Celui-ci impose à tous une loi parallèle à celle
de l’autorité administrative dans cette prison
où l’on décrypte un microcosme de notre
société en proie à la violence, à la corruption,
à la soif du profit et aux revendications du
communautarisme.
L’imaginaire de la fiction s’inscrit dans une
réalité sociale en s’appuyant sur le réalisme
d’un documentaire. Cinquante ans après Un
condamné à mort s’est échappé (1956) de
Robert Bresson et Le Trou (1960) de Jacques
Becker, Un prophète – dès le générique – transcrit
d’une façon remarquable, avec la force
d’un thriller américain, l’univers de la prison.
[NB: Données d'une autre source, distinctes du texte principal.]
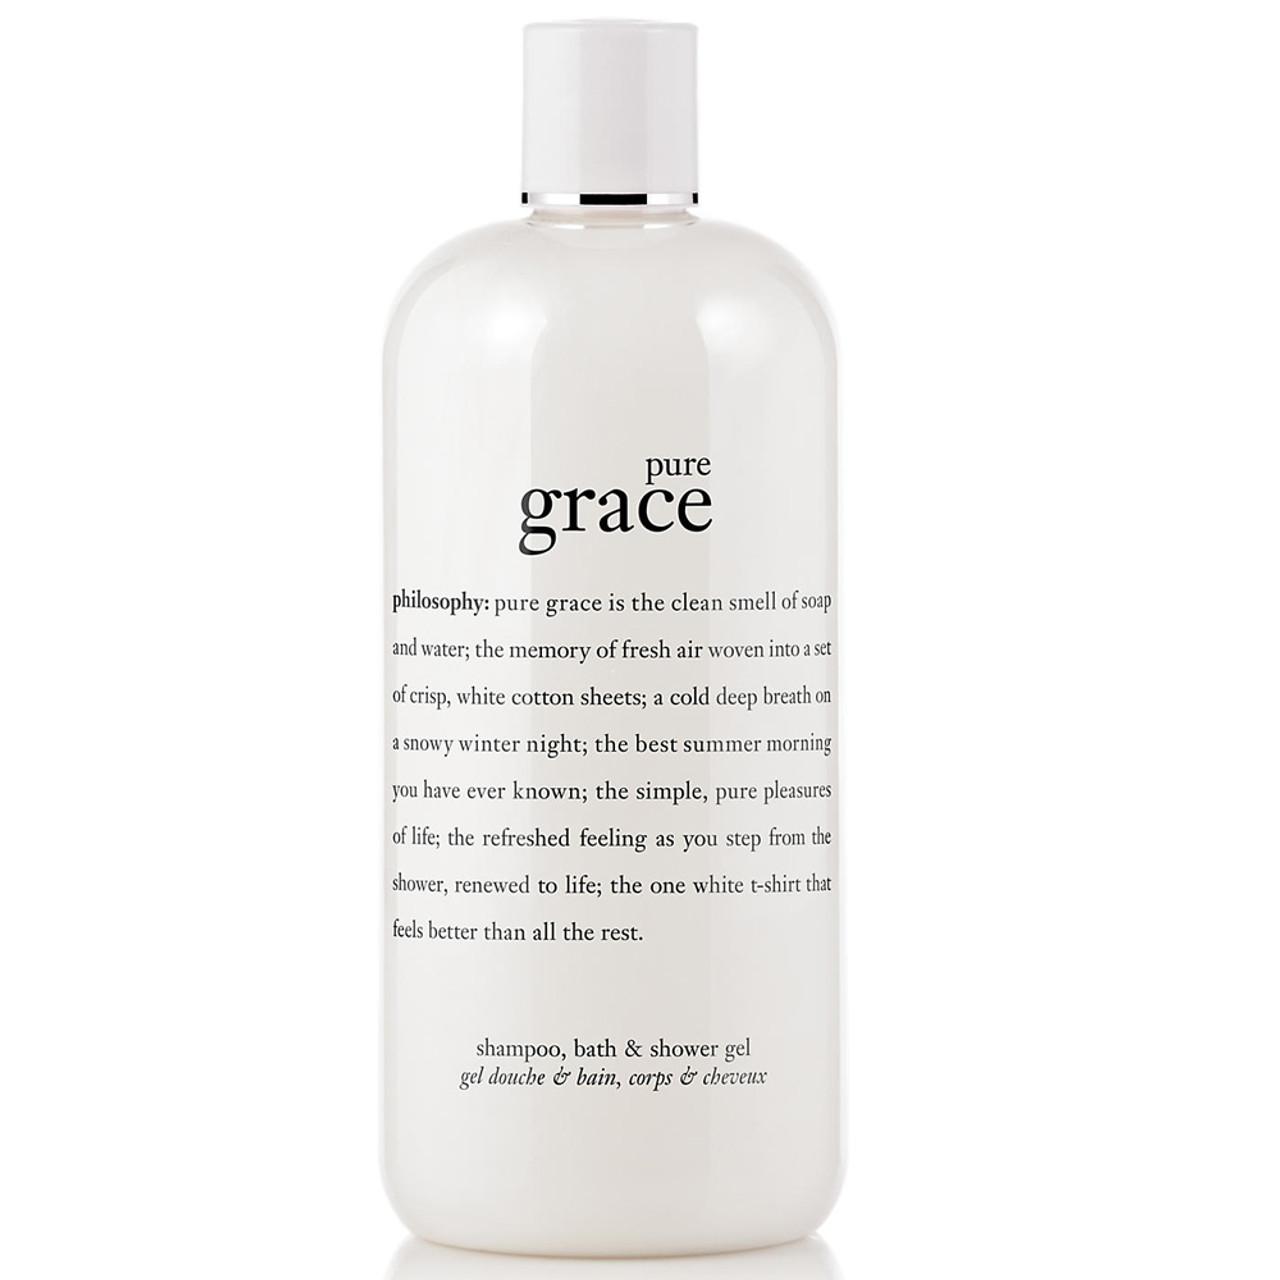 philosophy Pure Grace Shower Gel

Son espace et ses décors aux teintes brunâtres,
grisâtres, verdâtres : longs couloirs aux tons
froids bleu-vert, pièces d’interrogatoire et de
fouille au corps, cellules aux parois d’un gris
sale dont la caméra ne nous présente que
des fragments,
grande cour au sol
verdâtre entourée
de hauts murs gris
délavés – lieu de
promenade des
prisonniers dont
les regards, les
paroles, les gestes,
les postures, les
déplacement sont
différents de ceux
que l’on observe
dans la vie ordinaire.
Ses bruits :
cris et éclats de voix, brouhaha perpétuel,
claquements métalliques des grilles et des
portes de cellule. Ses contextes de violence
inouïe dans les relations entre les prisonniers
(sur ordre de Luciani, Malik tranche la
gorge d’un détenu avec une lame de rasoir
dissimulée dans sa bouche) et les luttes de
clans (les Arabes et les Corses), qui se livrent
au trafic de drogue.
L’impression d’étouffement et d’oppression
en prison est suggérée par les cadrages serrés
des personnages, de même que la durée de
l’intrigue – deux heures et demie –, scindée
en de multiples séquences brèves, transcrit
la perception du temps de Malik.
À l’instar du Bildungsroman allemand du
XIXe siècle illustré par Goethe, Un prophète est
un film d’apprentissage où Jacques Audiard
nous propose une parabole. Au début du
film, Malik ne sait ni lire ni écrire. Mais, placé
sous la protection de Luciani avec qui il entretient
des relations de fils à père (un thème
cher au cinéaste), il utilise son cerveau, son
intelligence, son courage et sa volonté pour
survivre. Il apprend le français, le corse, s’initie
à l’économie. Puis il navigue entre les clans
arabe et corse pour mieux les dominer, tisse
ses propres réseaux parallèles, n’hésite pas
à développer le trafic de drogue et même à
recourir au crime. Au terme du récit, il sort
de prison enrichi, ayant conquis à son tour
le pouvoir. Étrange paradoxe : l’épreuve de
la prison aura été la condition même de sa
réussite.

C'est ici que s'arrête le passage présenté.